Né vers 1853, Toera fut l’un des derniers rois du Menabe. A la fin du XIXe siècle, alors que les troupes françaises progressaient à travers l’île, il fut l’un des premiers chefs sakalava à prendre les armes pour défendre son territoire, ses traditions et son peuple. Sa résistance, tenace et déterminée, s’est heurtée à la brutale répression coloniale. En 1897, à la suite d’un affrontement sanglant, le roi Toera fut capturé, décapité par les forces françaises, et son crâne emporté en France.
Mémoire et résistance face à la colonisation française
Le massacre d’Ambiky, où s’illustra sa dernière bataille, demeure aujourd’hui le témoignage d’une résistance malagasy généralisée dès les débuts de la colonisation. « Contrairement à l’idée reçue selon laquelle seuls les Merina des Hautes-terres auraient résisté à la colonisation, les faits démontrent que la révolte était nationale, et que les Sakalava y ont joué un rôle crucial », souligne Denis Alexandre Lahiniriko, historien à l’université d’Antananarivo. « Le mouvement de résistance dirigé par Toera dans le Menabe montre que la lutte contre la conquête coloniale concernait tout Madagascar. C’est un soulèvement anticolonial survenu en pleine période de " pacification " menée par le Général Gallieni. Ces événements marquent les premiers signes de la construction d’une conscience nationale malagasy, unie face aux envahisseurs », ajoute-t-il.
La résistance de Toera n’était pas celle d’un roi isolé, mais celle d’un peuple entier. Des paysans sont tombés à ses côtés, dans une révolte comparable aux événements de 1947. Dans les deux cas, il s’agissait d’une lutte paysanne pour refuser la soumission, réclamer la liberté, et affirmer le droit pour les Malagasy de décider de leur propre destin sur leur propre terre.

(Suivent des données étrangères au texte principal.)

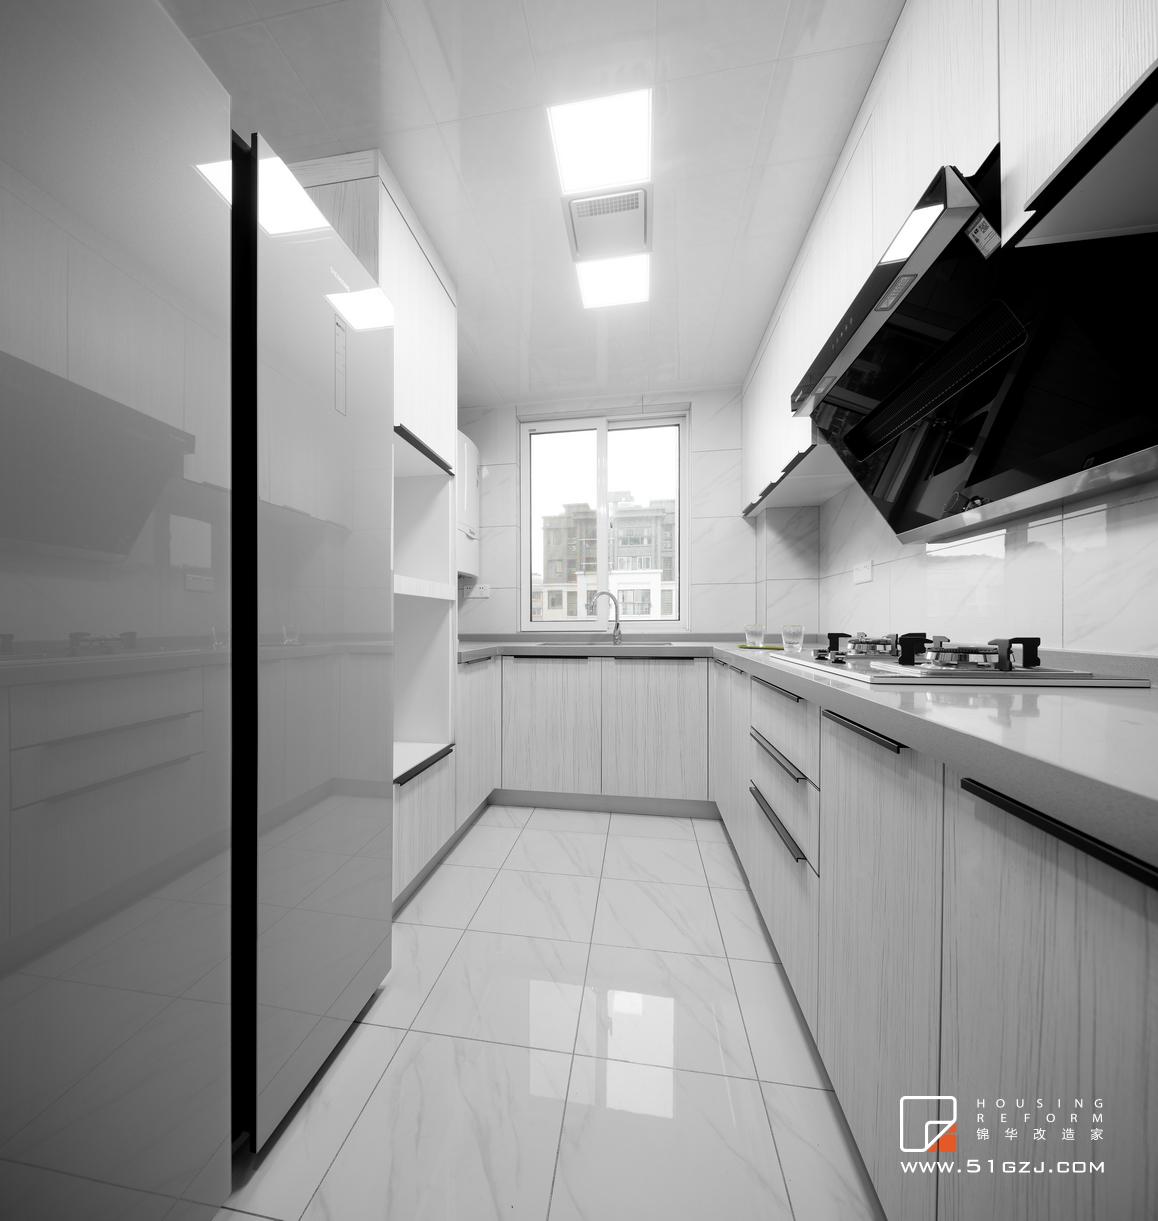 紫金铭苑老房翻新-125平米-现代简约装修-两室两厅-现代简约

« Le roi Toera s’est battu pour sa liberté et pour celle de son peuple. C’est un mouvement populaire qui doit être reconnu à sa juste valeur dans notre Histoire nationale », affirme encore l’historien.
Le rapatriement de sa relique revêt une importance capitale
Aujourd’hui, la mémoire du souverain Toera revient avec force. Son crâne, ou « Kabeso », conservé en France, est au cœur d’un processus de restitution mené par les autorités malagasy, dans le cadre d’un programme national de récupération des biens culturels. Pour le peuple sakalava, cette démarche revêt une importance majeure.
« Lorsqu’un "Ampanjaka" meurt, certaines parties de son corps sont placées dans les reliques du "Zomba" qui symbolisent la continuité du royaume sakalava. Actuellement, seule la relique du roi Toera manque parmi les dix déjà présentes. Son retour est attendu pour être honoré lors d’une future cérémonie du "Fitampoha", aux côtés des autres reliques royales », explique un chef de quartier à Ambiky, District de Belo-sur-Tsiribihina.
Ce retour est bien plus qu’un simple acte symbolique. Il représente une réparation historique, un devoir de mémoire, mais aussi un pilier dans la reconstruction de l’identité nationale malagasy. « Le retour du crâne du roi Toera serait une justice historique et une reconnaissance du combat de nos ancêtres », ajoute ce notable.
Un enjeu pour les relations franco-malagasy
Le cas du roi Toera soulève également une question plus large : celle d’une nouvelle relation politique entre la France et ses anciennes colonies. « Rapatrier ses restes, c’est plus qu’un geste symbolique. C’est poser les fondations d’un nouveau dialogue, basé sur le respect, la mémoire et la justice », rappelle l’historien Denis Alexandre Lahiniriko. Et lui d’ajouter : « Il est fondamental que l’Etat malagasy reconnaisse que l’unité nationale s’est forgée dans la lutte commune contre l’occupation coloniale. A Ambiky comme ailleurs, des Malagasy de toutes origines ont dit non à l’injustice, la dépossession et la domination. C’est dans cette mémoire partagée que se construit la souveraineté de demain ».